● **INFORMATION SHOWN**:
###

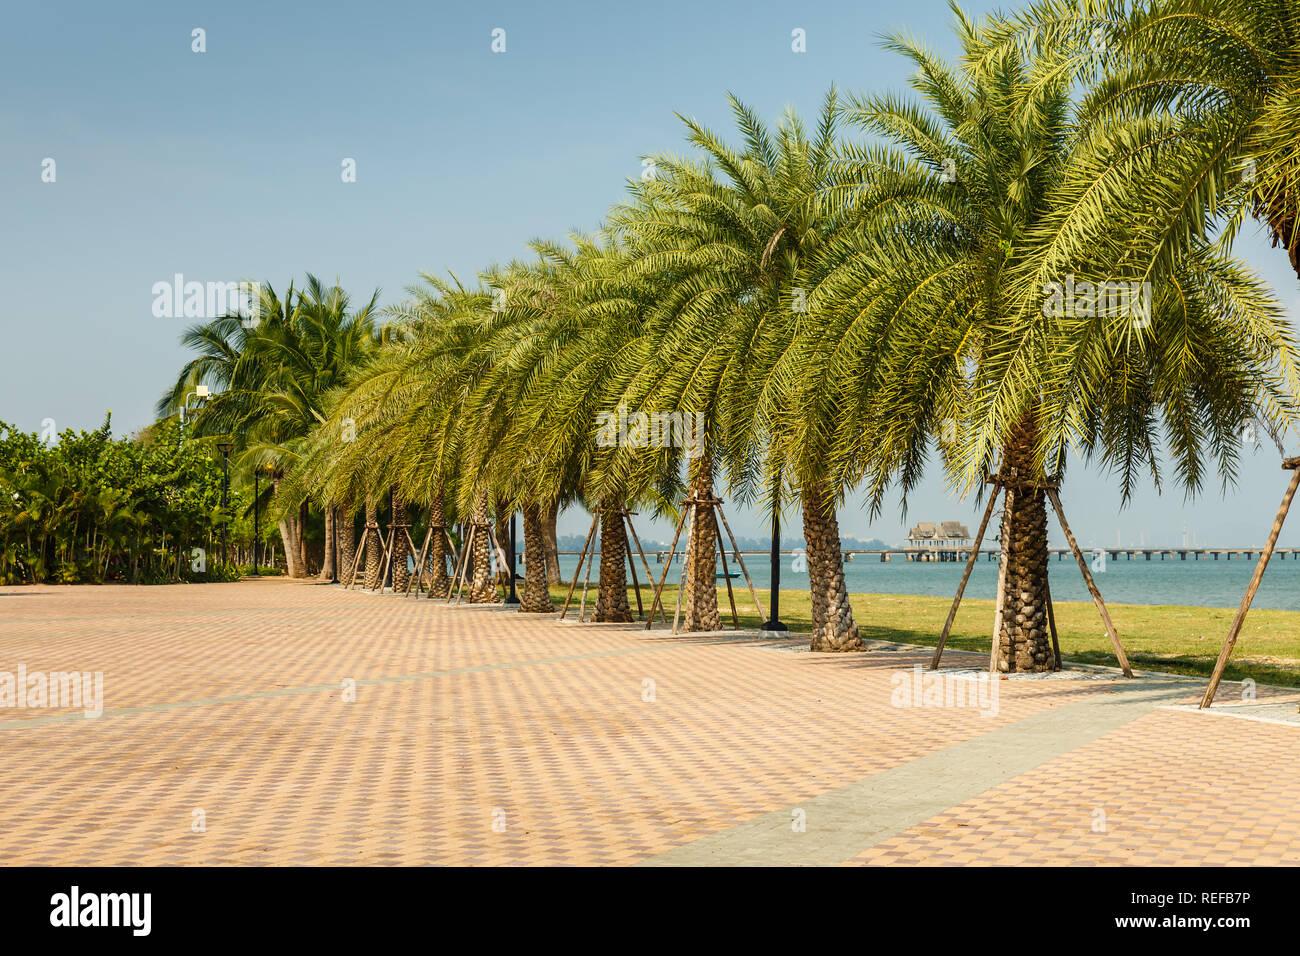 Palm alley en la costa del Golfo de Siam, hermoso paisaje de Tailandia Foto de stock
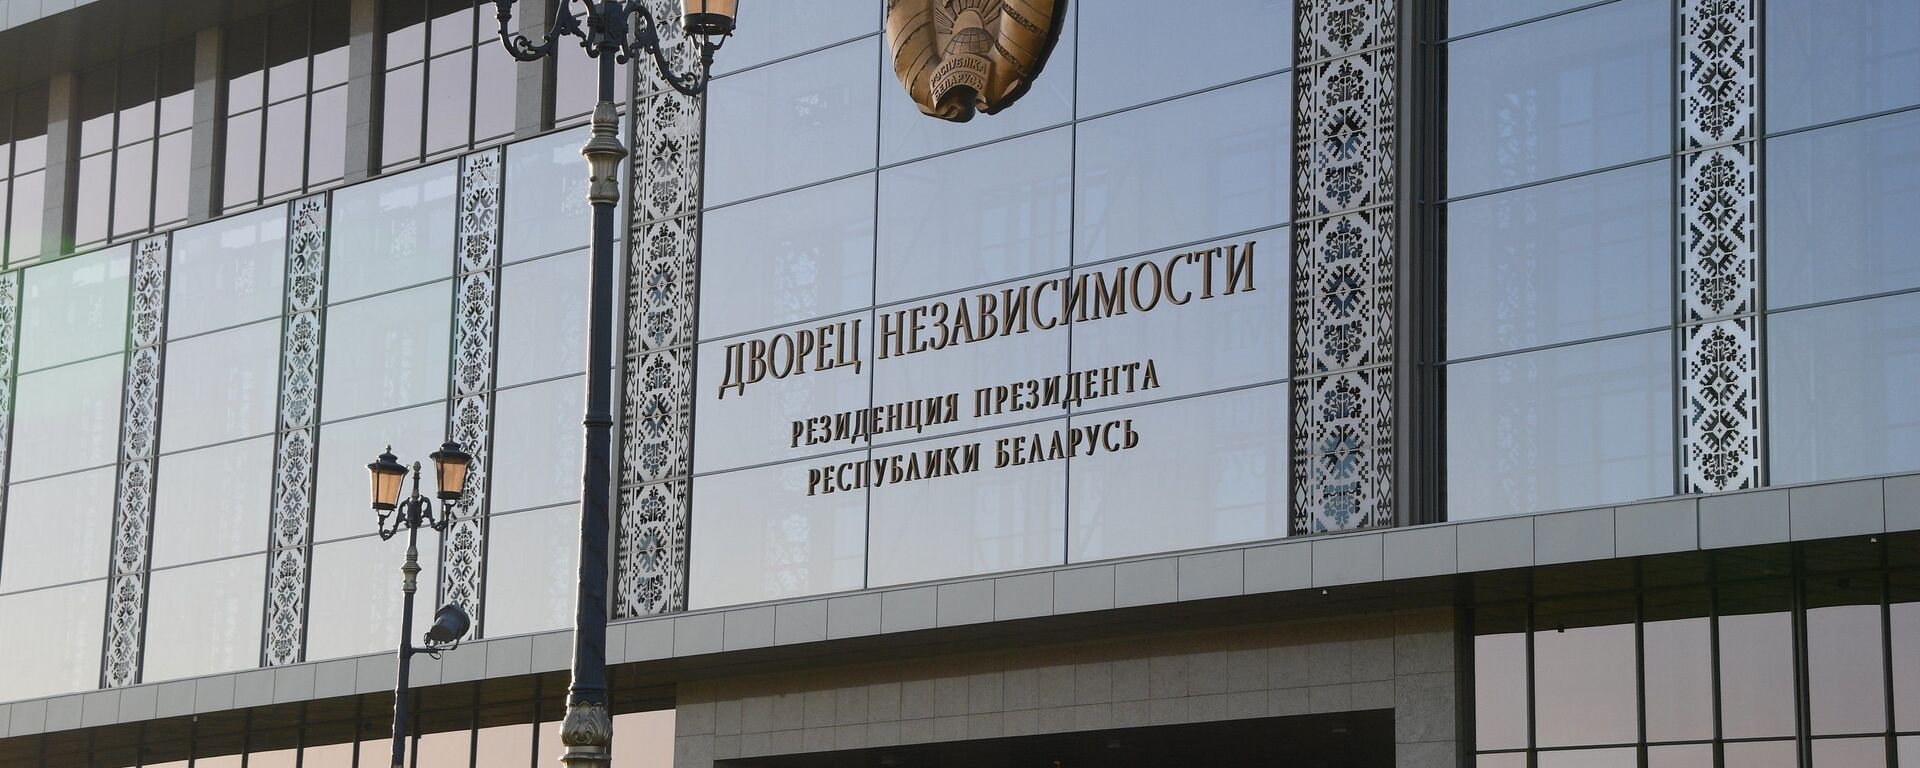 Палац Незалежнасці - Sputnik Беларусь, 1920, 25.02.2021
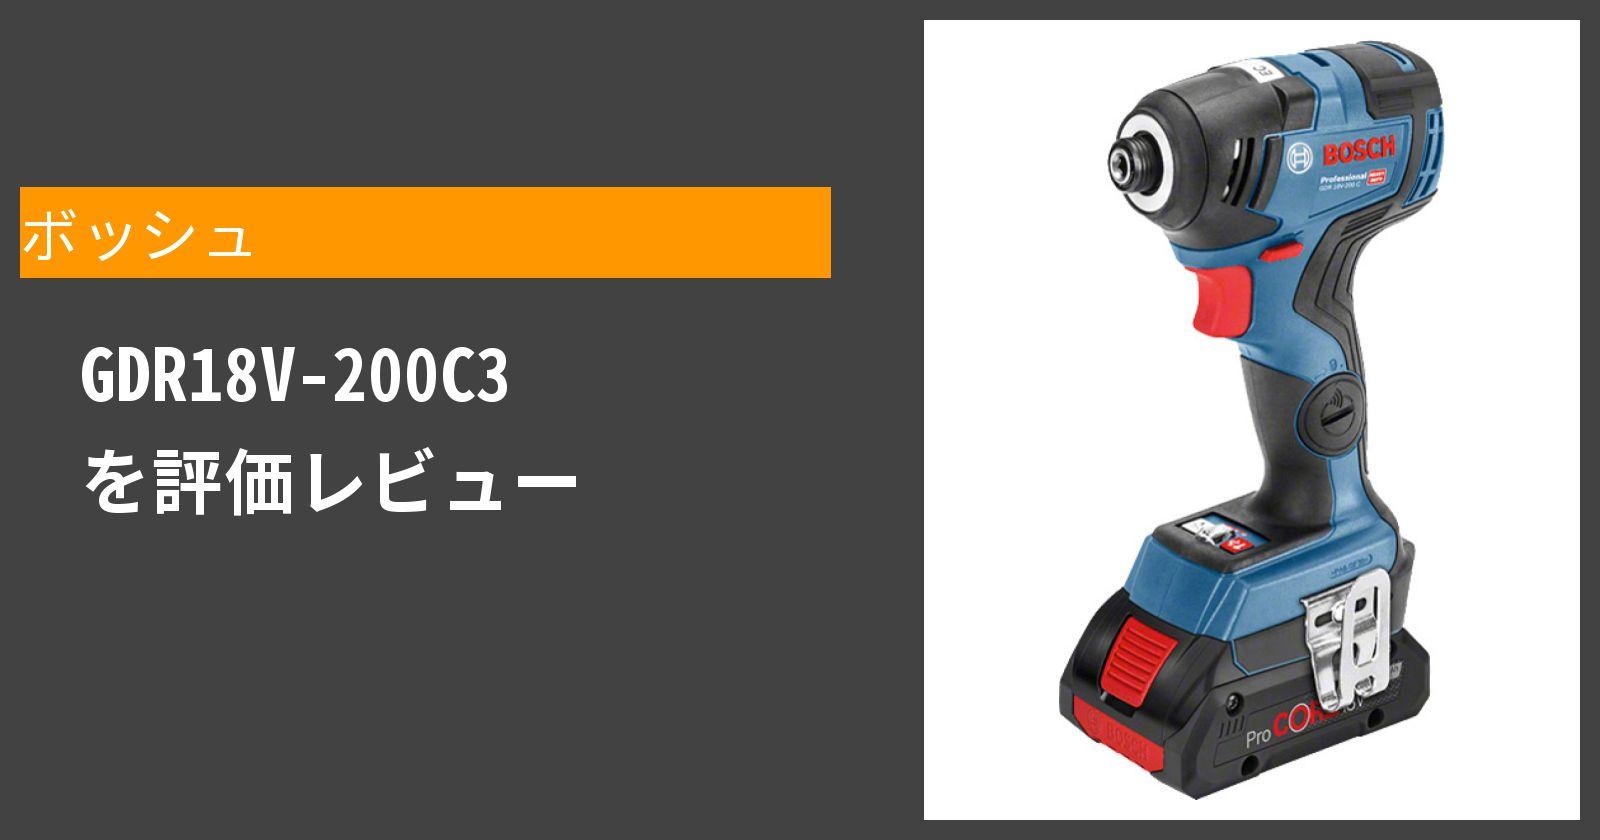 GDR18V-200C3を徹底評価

###

Starting from the line where "Палац Незалежнасці - Sputnik" appears, copy every line through the end of the material, both ends included, but no pictures.

 Палац Незалежнасці - Sputnik Беларусь, 1920, 25.02.2021
 GDR18V-200C3を徹底評価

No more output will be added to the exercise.